[My relevant background: I am non-religious. I generally describe my belief system as “apathetic” rather than “atheist”; I would not live my life any differently regardless of the existence or nonexistence of a deity or deities. I do not engage in any sort of spiritual or religious practice. I was, however, raised Catholic.]
I noticed a post floating around tumblr earlier this week, deriding specifically atheists who reject the offer of prayers from religious or spiritual people. The original post reads:
If you have suffered a tragedy and someone says, “you’re in my prayers” with sincerity, and you respond with some egotistical shit about being atheist you are an emotionally inept moron.
To which another user chimed in:
For real though, like think about it. If someone is religious, there’s really no kinder sentiment they can express than appealing to the highest power they know for your recovery. Whether or not you think it “works” is irrelevant— the kindness is absolutely real.
Recently, my mother’s mother passed away. I did not consider this a “tragedy”, though other people may disagree; she was 95 years old, in poor health, but had lived a long life that she considered to be successful. I mention this, however, because it is a situation in which “you’re in my prayers” is a common refrain.

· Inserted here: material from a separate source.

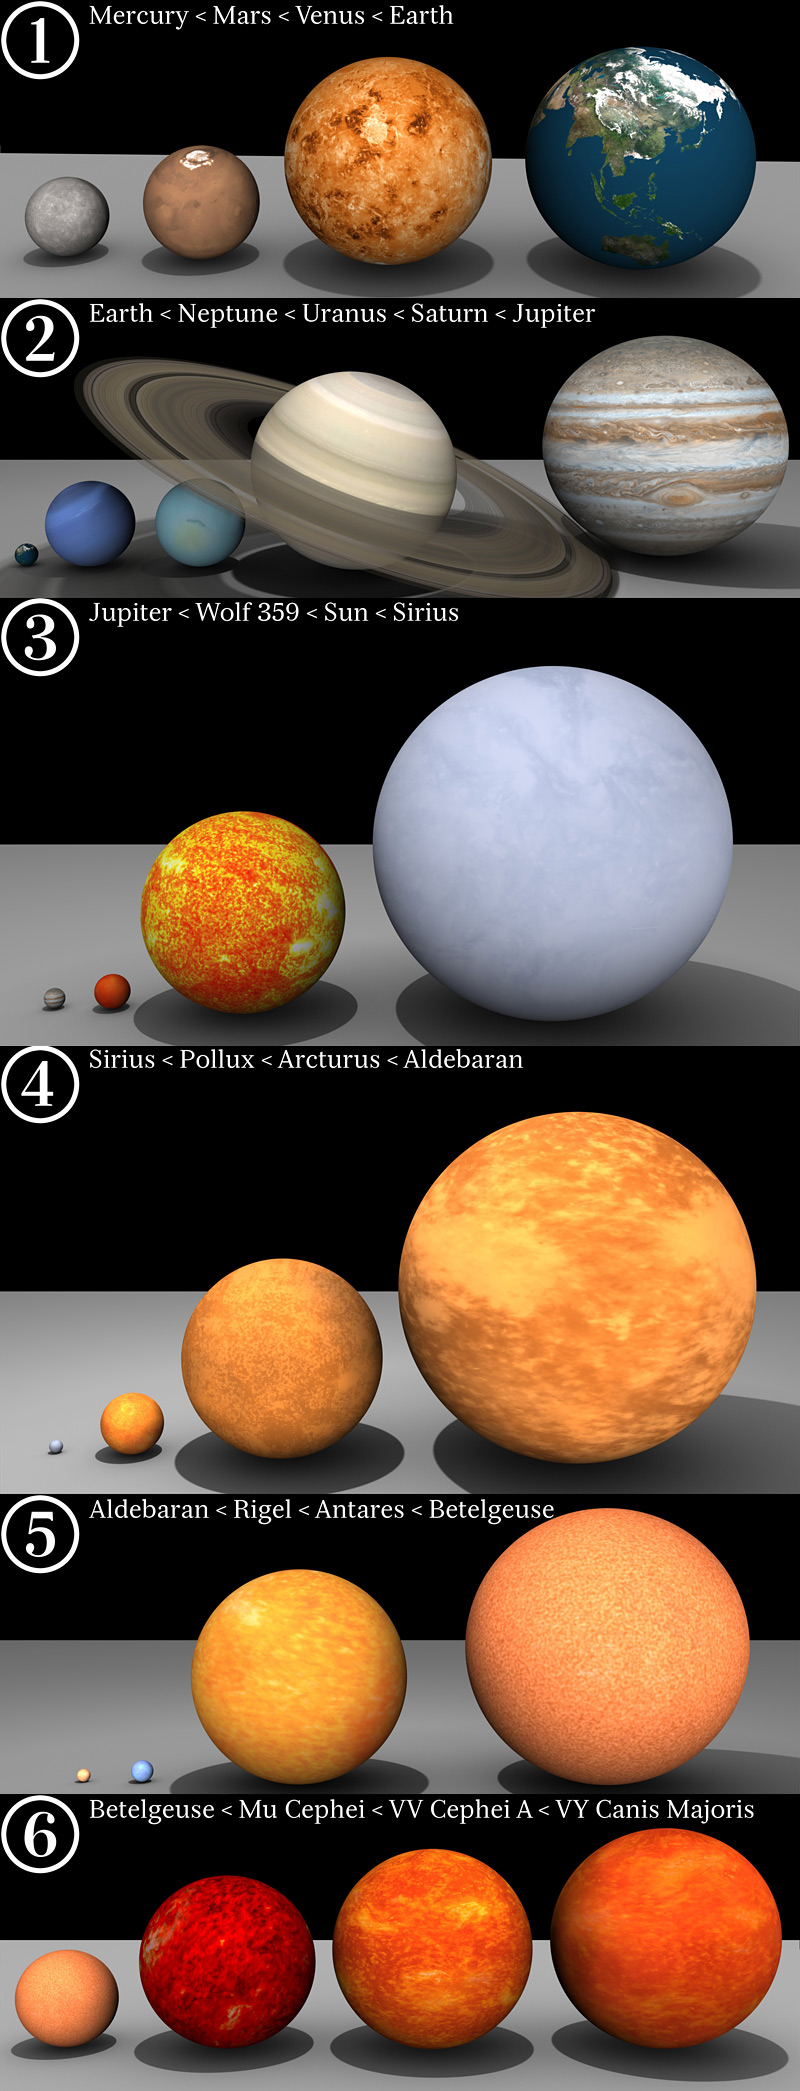 comparaison de la taille des étoiles et des planètes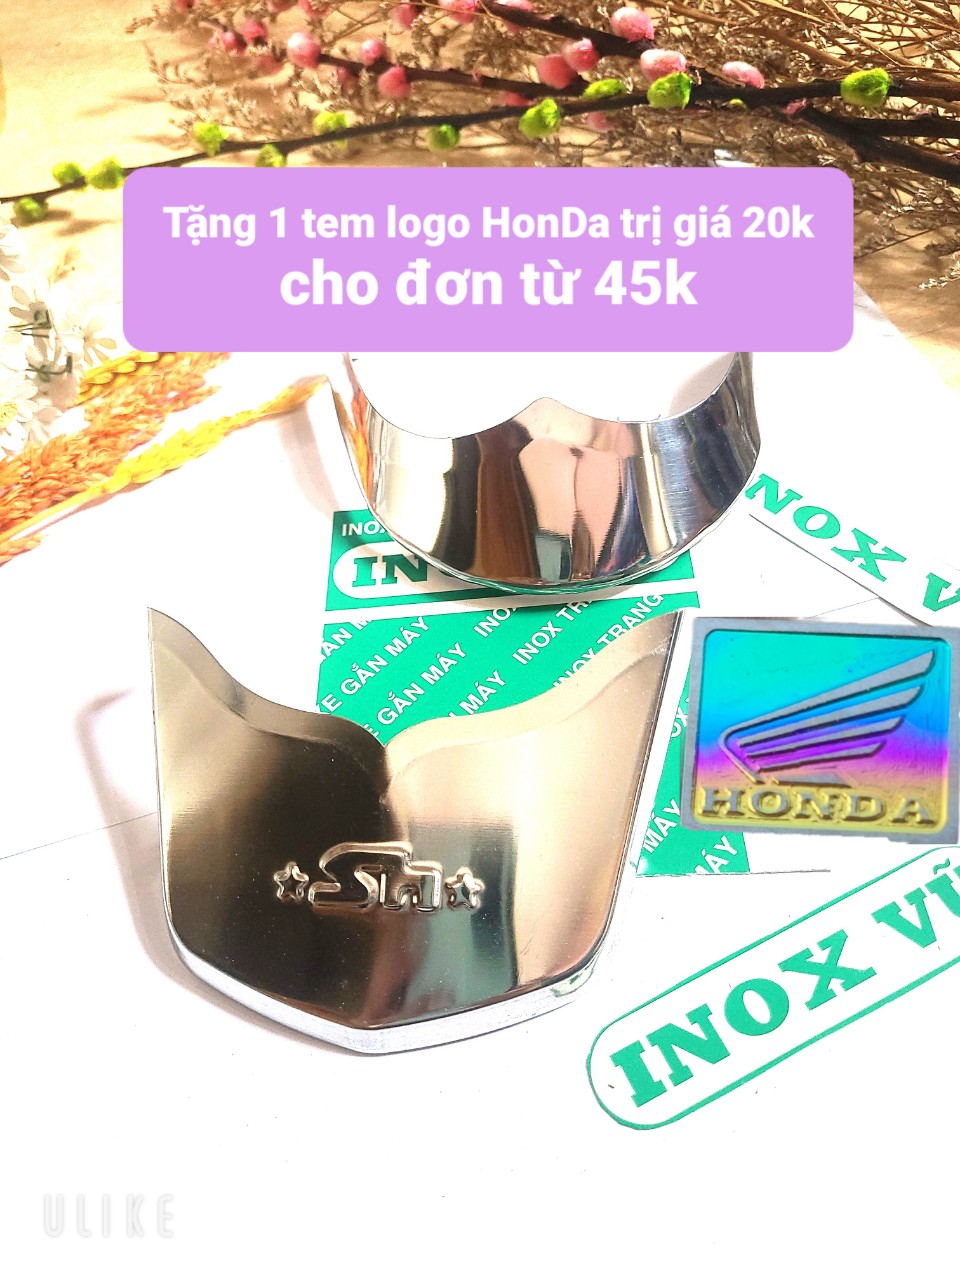 Combo Bộ ốp dè INOX xe SH MODE sản xuất năm 2020 đến 2023 + 1 tem logo Titan Honda giá 1 cặp tại xưởng INOX Vũ

When she died, I had returned the night before to my hometown to say goodbye (as I said, this was not unexpected), so I helped my mother with funeral preparations. The funeral was a week later (there are a number of legal hurdles for cremation in Wisconsin), and was in my grandmother’s Catholic church and involved a full Catholic Mass. I attended, I sang, I refrained from punching the priest when he started talking about abortion for no reason during the homily. And a number of people told me that my family and I were in their prayers. And I thanked them.
But the people I thanked profusely were the two women from my mother’s (not my grandmother’s) church, who came to the post-funeral dinner and collected people’s plates, made sure there was enough coffee, did the dishes, packed up the leftovers, and just quietly took as much of the administrative burden off the family as they could. I’m sure we were also in their prayers, but what they did was so much more meaningful than just “appealing to the highest power they know”.
It is far too easy to say “you’re in my prayers” or even “you’re in my thoughts” or “sending good intentions your way”, and to think your job is done. It’s also far too easy to take someone’s tragedy-amplified frustration and lack of grace in receiving your good intentions as justification to refrain from helping further. This is not okay.
Because I was raised Catholic rather than Protestant, I grew up with a strong emphasis placed on the importance of outwardly displaying your faith through works. Someone lost their house to a fire? Yes, pray for them, but get them some money or donate clothing or let them stay in your house. Someone is grieving a loved one? By all means pray for them, but bring them some food and make sure they have what they need to take care of themselves whilst grieving.
So the next time you’re in a situation where you want to offer someone your prayers – that’s fine. But take a minute before you tell them they’re in your prayers to think of something else, something mundane but concrete, that you can do to help them too. The problem is not that you’re offering your prayers. The problem is you think that’s enough.
The kinder, gentler version of, “Prayer is literally the least you can do.” This has been going around again in my wife’s pastoral circles, which is a good thing in my opinion.
I’m not religious either, but I guess my personality is less confrontational. When my (very religious/practicing Catholic) dad died, several people told me our family was “in [their] prayers,” which I took (and gratefully accepted) as an expression of sympathy. But that’s just me.
That said, I thought the young woman/tornado survivor in Oklahoma who told Wolf Blitzer she was an athiest was…awesome. If I remember right, she had no problem with prayers, or people offering prayers, but wasn’t going to play along with Wolf and his aw shucks nonsense. Good for her.
Because, as the saying goes, nothing fails like prayer.
I’m not confrontational either (see above related story about grandmother’s funeral), but I also honestly think that if you’re judging someone based on their reactions after having experienced a tragedy, they’re probably not the problem.
I have issues when the phrase “our thoughts and prayers go out to…” because it’s almost become knee-jerk in its usage. I wonder how many people actually think or pray when it comes to the person to whom they’ve issued the “thoughts and prayers” line.
That said, I’m a big believer in what the people who cleaned up did, almost more so than prayer. I was raised with the idea that grim and quiet resolve is better than loudness coupled with lack of value. I’d be the guy who would be cleaning up or something along those lines. Call me an “instrumental griever” in the parlance of thanatologists.